Alcuni dati: nell’anno in corso, solo in Italia il 13% della popolazione ha usato almeno una volta servizi in sharing (oltre 7 milioni di persone), sono nate 136 piattaforme collaborative, nel mondo un mercato globale da 26 miliardi di dollari… Secondo il Time, stiamo parlando di una delle 10 idee che cambierà il mondo!

Negli Stati Uniti, in questo istante, migliaia di persone attraverso internet già condividono, scambiano, rimettono in circolo beni e competenze. “Consumo collaborativo”, l’hanno chiamato Rachel Botsman e Roo Rogers nel loro libro “What’s mine is yours” (quel che è mio è tuo). Significa che tutto può essere prestato, barattato o condiviso: dai giocattoli all’orto, dal trapano alla falciatrice (presi in prestito dal vicino di casa o da un amico).

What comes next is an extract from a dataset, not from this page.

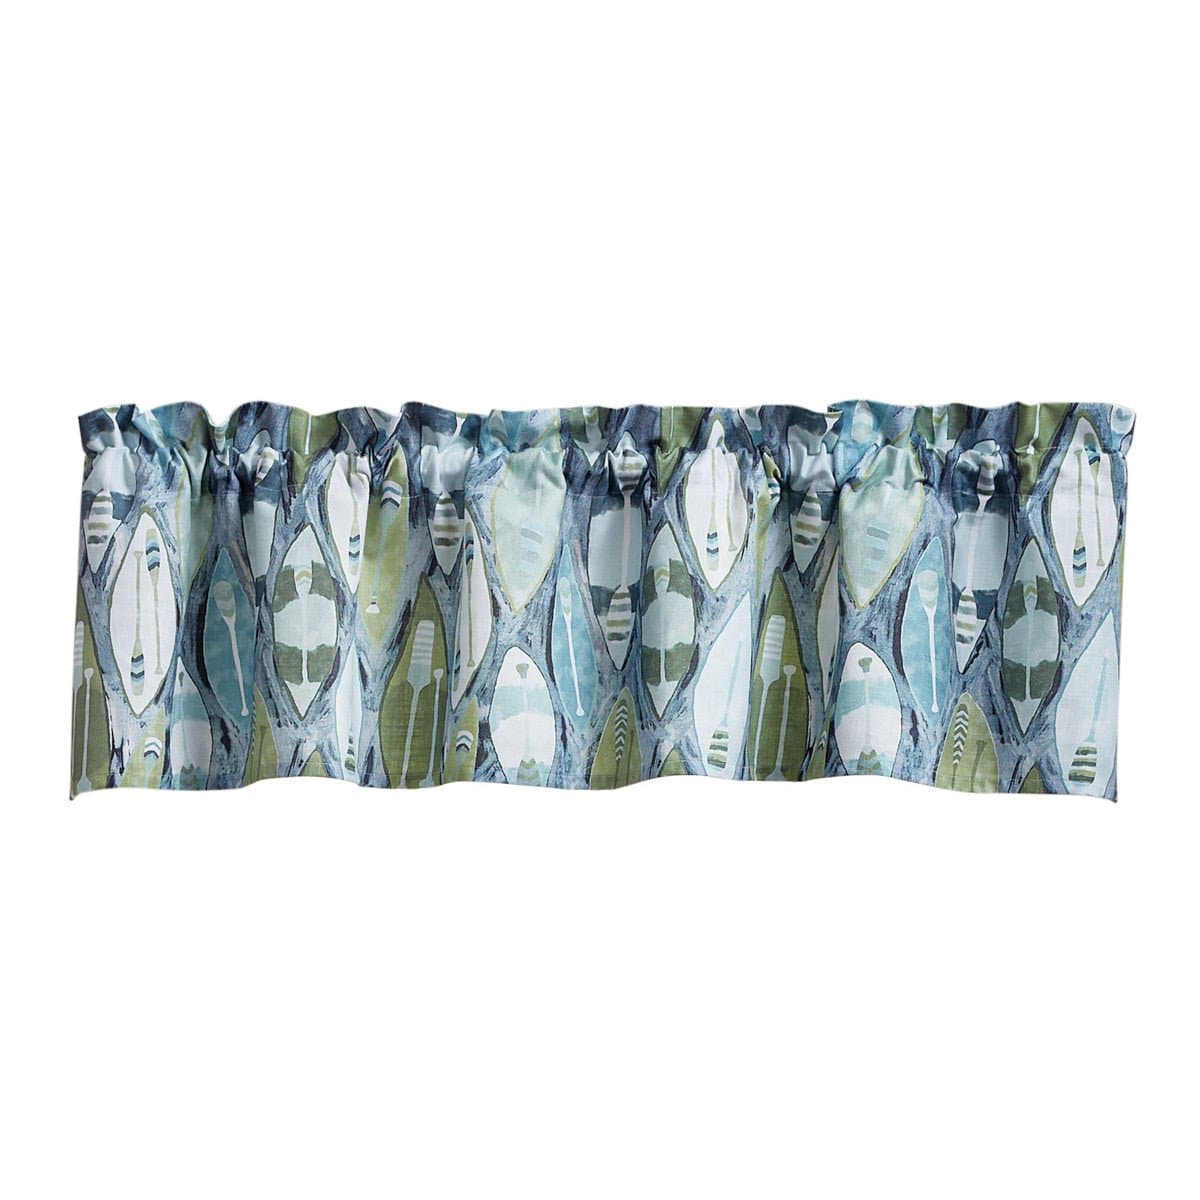 Colorful Canoes Printed Valance Unlined-Park Designs-The Village Merchant

Forse è esagerato celebrare l’addio definitivo alla cultura dell’io, affermare che un giorno la proprietà ci sembrerà anacronistica. Ma in fondo sarete d’accordo con me: perché comprare un trapano se mi serve solo una volta al mese?

I vantaggi per i consumatori sembrano evidenti: si ha la sensazione di fare affari, di ridurre gli sprechi, aiutando in qualche modo l’ambiente si stima che ogni auto in sharing consenta di fare a meno di 15 vetture tradizionali). Ma per condividere, bisogna fidarsi (trust and share) e qui sta, forse, la vera novità: nel mondo dello sharing si sta riaffermando un rispetto delle regole che altri comparti sembrano aver dimenticato (questo accade perché nell’universo digitale tutti ci auto-dichiariamo, ci conosciamo e chi sbaglia viene espulso).

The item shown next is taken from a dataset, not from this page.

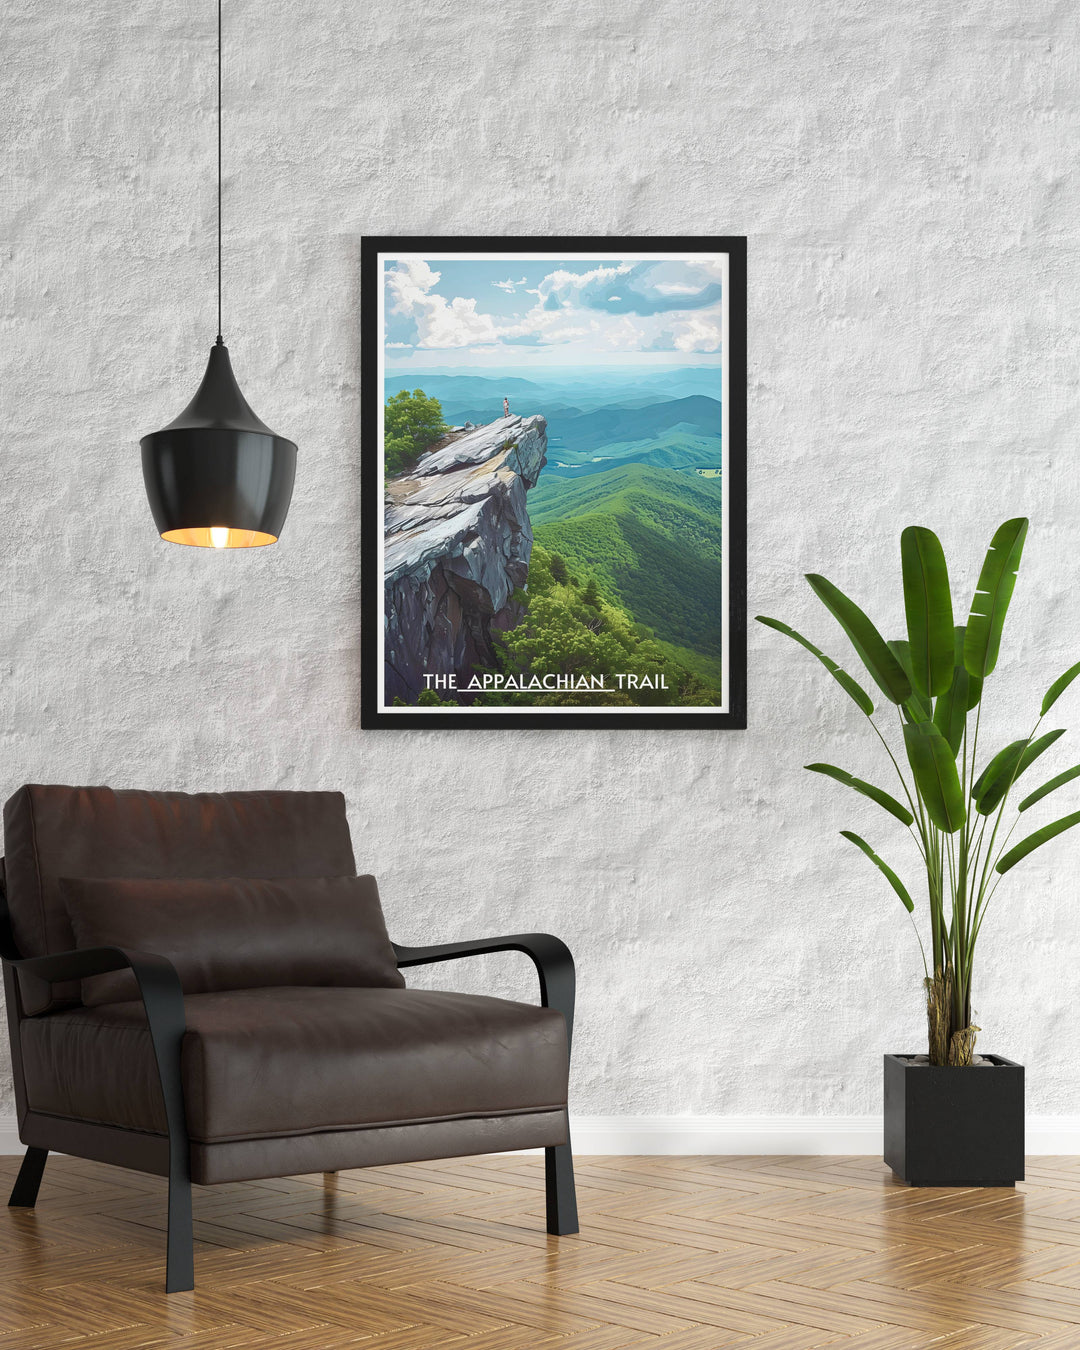 Artistic rendition of Mcafee Knob at dawn, highlighting the serene beauty of the Appalachian Trail, suitable for any room.

C’è da crederci? Abbiamo il dovere chi credere al nuovo, anche se, d’altro canto, non possiamo nasconderci che il cambiamento è una sfida. Ce lo spiegano bene le forze che si stanno opponendo a questi nuovi paradigmi in una sorta di confronto tra nuove e vecchia economia: proteste in piazza, rincorsa all’adozione di nuove norme o all’adeguamento di quelle esistenti.

Ma non sarà una nuova norma ottusa a fermare il cambiamento. È bene che tassisti e albergatori lo sappiano…. Lo dice la storia: nel 1865 nel Regno unito, alla comparsa delle prime auto, si stabilì che questi strani veicoli potevano circolare solo a passo d’uomo e dietro un agente con una bandiera rossa in mano in segno di pericolo. Non servì a salvare le carrozze con i cavalli!

Non mi nascondo, certo, che ci sarà bisogno di tempo, perché i consumatori si approprino definitivamente di questo ruolo (e le parole di Jeremy Rifkin -profeta del commons collaborativo che ascolteremo a fine mattinata- potranno sembrarci quelle di un visionario), ma a vederlo così questo scenario, pur non volendo esagerare con la retorica, mi sembra un modello di capitalismo che potrebbe funzionare un po’ meglio del precedente.

E siamo alle conclusioni: non ci resta che prendere consapevolezza del fatto che i protagonisti abilitanti di questo nuovo modello siamo tutti noi! Consumatori da un lato, imprese dall’altro… Dobbiamo chiederci se i manager saranno all’altezza (let’s fire all the managers?), ma anche se i rappresentanti dei consumatori sapranno comprendere questi fenomeni. Da parte nostra vediamo cambiare il consumatore giorno dopo giorno: il nostro stakeholder da acquirente si fa più spesso utilizzatore, talvolta la sua controparte non è più l’impresa tradizionale, ma un altro privato. Giuridicamente si aprono scenari nuovi e forse qualche vulnus negli apparati di protezione che oggi conosciamo.

Ma il messaggio è chiaro: neppure le associazioni dei consumatori potranno restare uguali a se stesse, ferme alle logiche e agli strumenti utilizzati fin qui: noi dell’Unione Nazionale Consumatori accettiamo la sfida, perché intravediamo nei fenomeni collaborativi un nuovo percorso di sviluppo e progresso.

Questo dunque è il mio messaggio conclusivo: come possiamo non credere al nuovo?